Lastly, do we have redundancy in manufacturing capabilities? Can we migrate production to a second site if a fire or some weather-related calamity shuts down the site?
These single sources are only a piece of our internal landscape. Thinking broader, our support functions can provide a risk input as well. Leading and lagging indicators can be found in HSE, HR, and Regulatory. Finally, don’t forget to leverage sales data. Are sales exceeding the plan? Is manufacturing running out of capacity sooner than expected? Do the materials ordering plans need to be adjusted? Has there been a shift in customer ordering patterns that necessitates a change in manufacturing?
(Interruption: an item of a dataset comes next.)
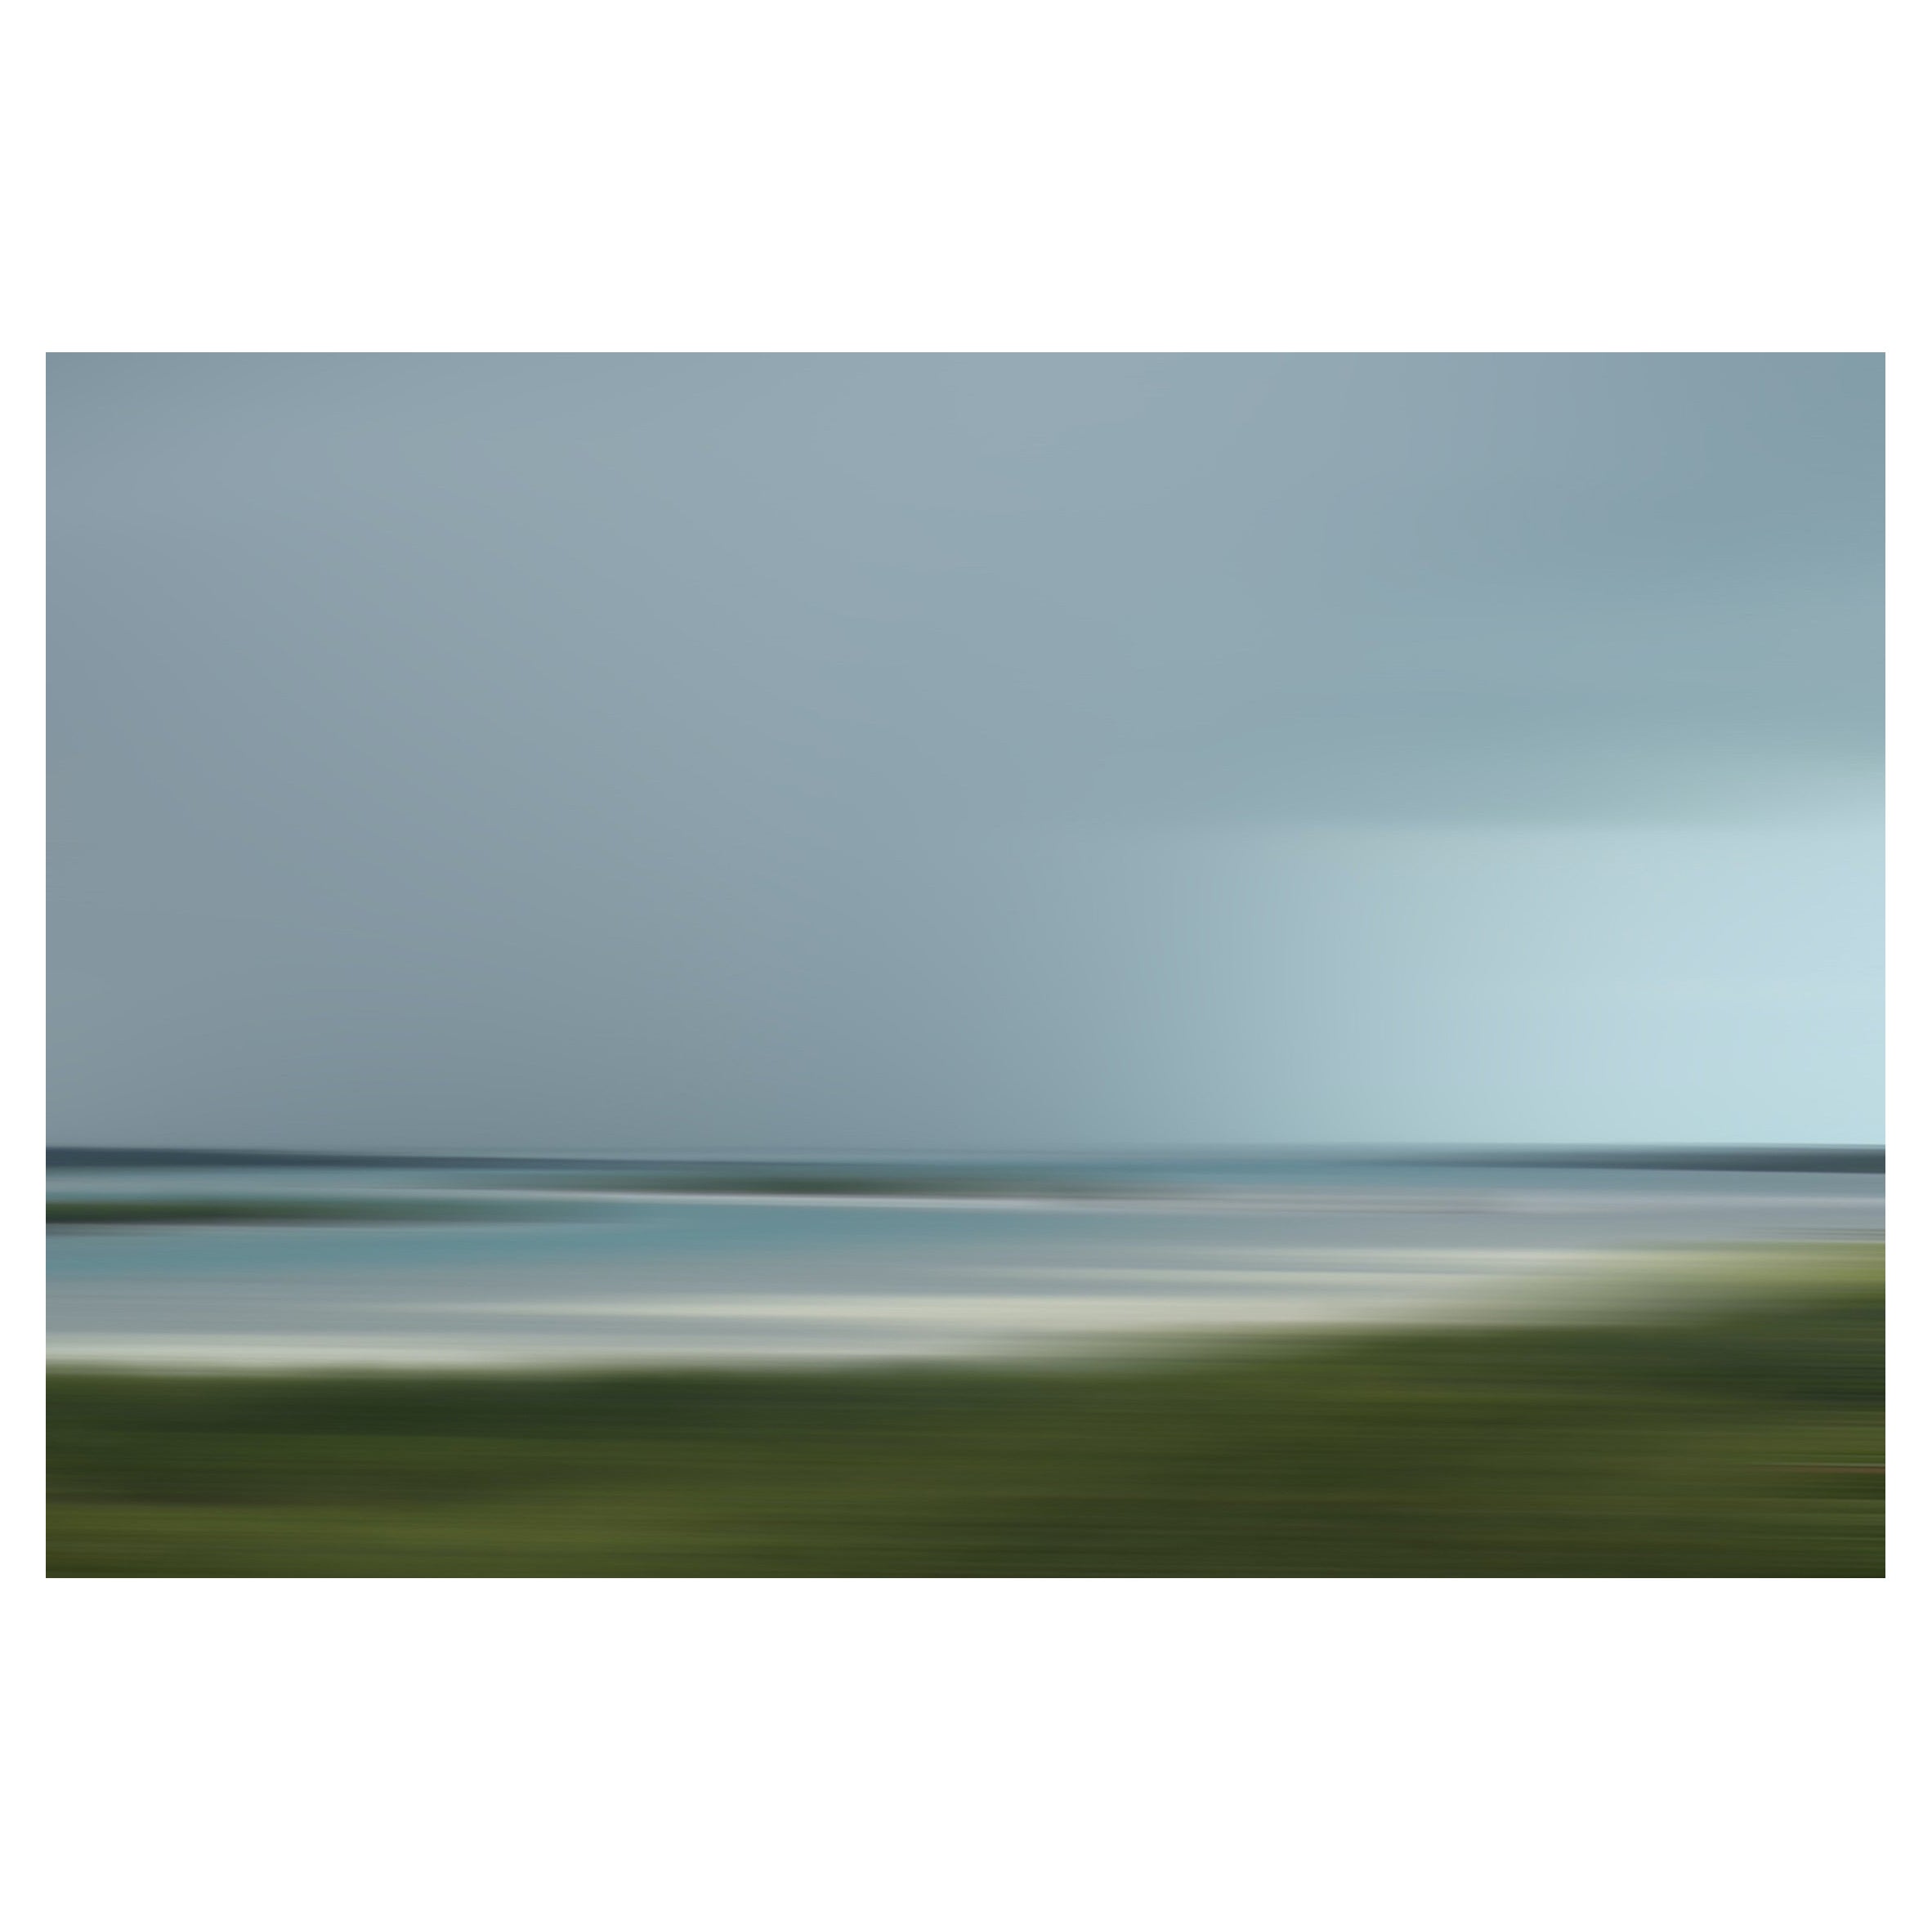 Bonnie Edelman "Lagoon Storm, T&C" Photograph, Scapes Series, 2016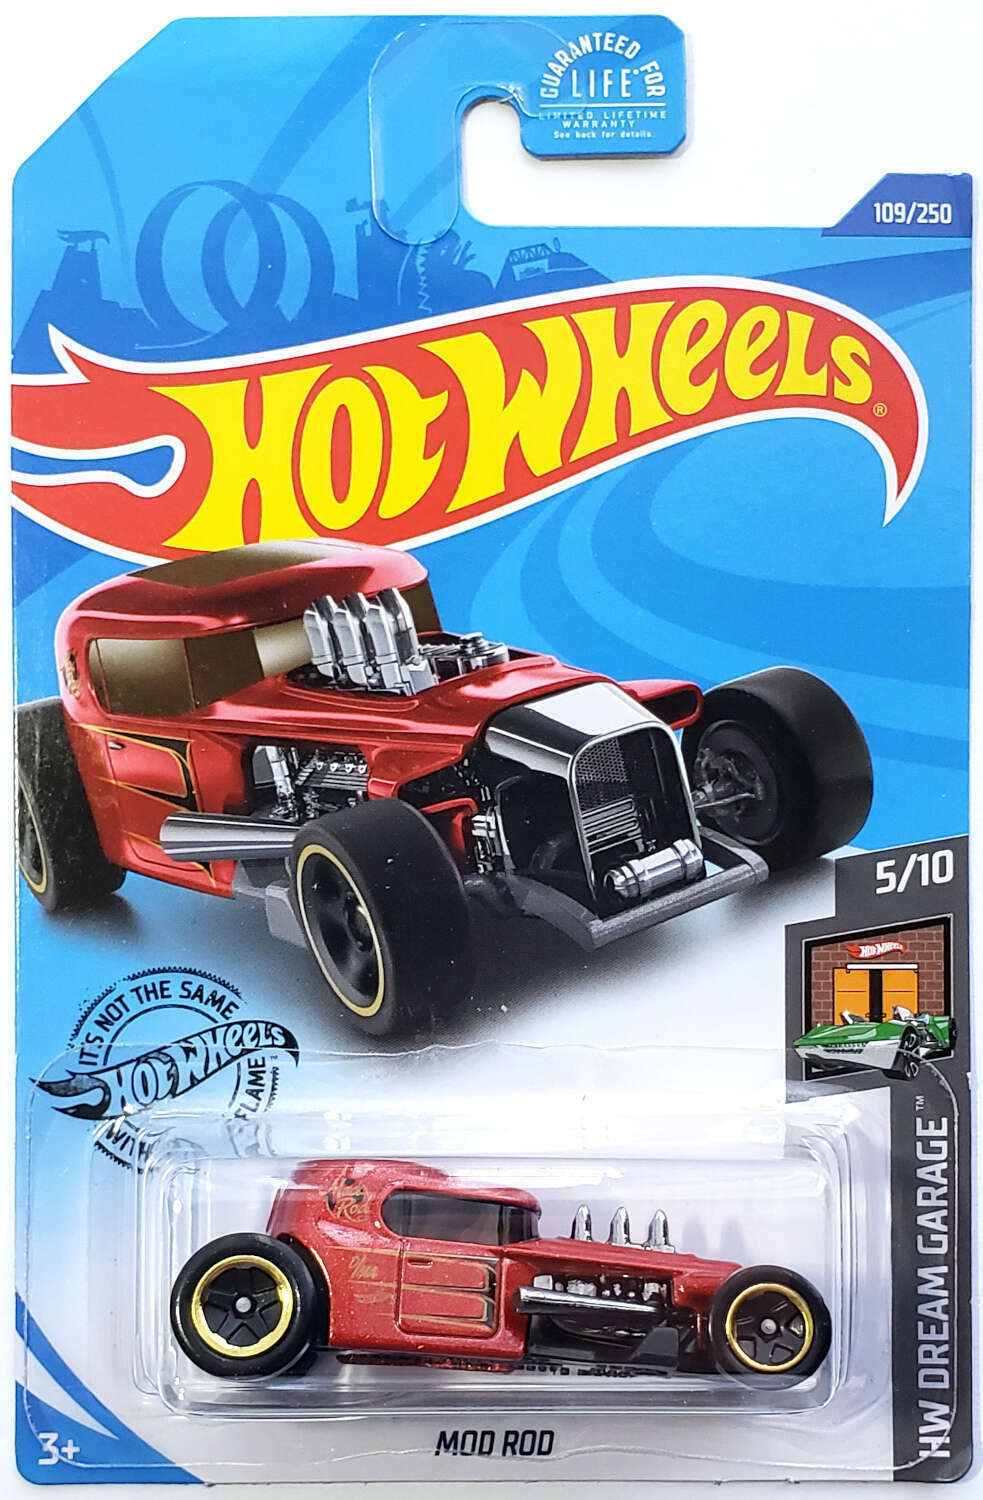 MOD ROD GHC24 2020 - HW Dream Garage 5/10-109/250 Rot Hot Wheels

The External: Data from outside the company
Often, news from external sources drives us to action concerning business continuity. Most likely, we learn of the event as it has happened. A hurricane, a gas explosion, and we react to the possible impacts as it filters through the organization. However, many external sources can offer information on the landscape and trends that we can leverage as leading indicators. There can be single reports based on sectors such as transportation or labor statistics, which could influence the company or its suppliers. Indeed, several companies provide commercial data, analytics, and insights on a supplier’s financial and trade compliance risks and who they supply, and who supplies to them. There are also large insurance companies that collect risk data and provide analytics either as reports or subscription services.
Putting it all together
With this landscape of internal and external data, we have numerous sources to leverage. Many offer their own trends, which can act as leading indicators, “is this supplier going to continue to underperform,” “what is the trend for the OEE of a new production line,” “am I seeing a decrease in transportation capacity?” But other data points will seem more like lagging indicators. What we need is a way to integrate all of the pieces of information. I recommend thinning down the list to what makes sense. Start and then iterate based on the performance of the analytics. It also makes sense to have a mix of internal and external data. Also, consider how often information is updated and evaluate if it will apply to the company and products. Once data sources are in place and a collection mechanism, it is time to leverage analytics. Anywhere from Excel to AI. It also makes sense to weigh the impacts to offer a balanced perspective on all influences, which could provide a risk rating. The ultimate goal is a total risk score which could also be shown as a heatmap. Once in this format, aggregate across a particular portfolio or dive into the product, process, or material granularity. If a certain vendor is identified as struggling financially, what is the impact across the supply and portfolio of products? If a certain manufacturing site is seeing an increased number of audit observations, again, how does that impact the capacity risk and portfolio of products? Does the vendor map from an external analytics company show the supplier is doing fine, but several tiers down, there is a supply disruption brewing that will eventually work its way through to the company? The advantage of integrating the various data sources is that, individually, no alarm bells may be going off, but multiple aggregate pressures put the products at risk. This is the power of analytics and offers the ability to develop leading indicators, buying us the time to develop plans and successfully respond instead of reacting.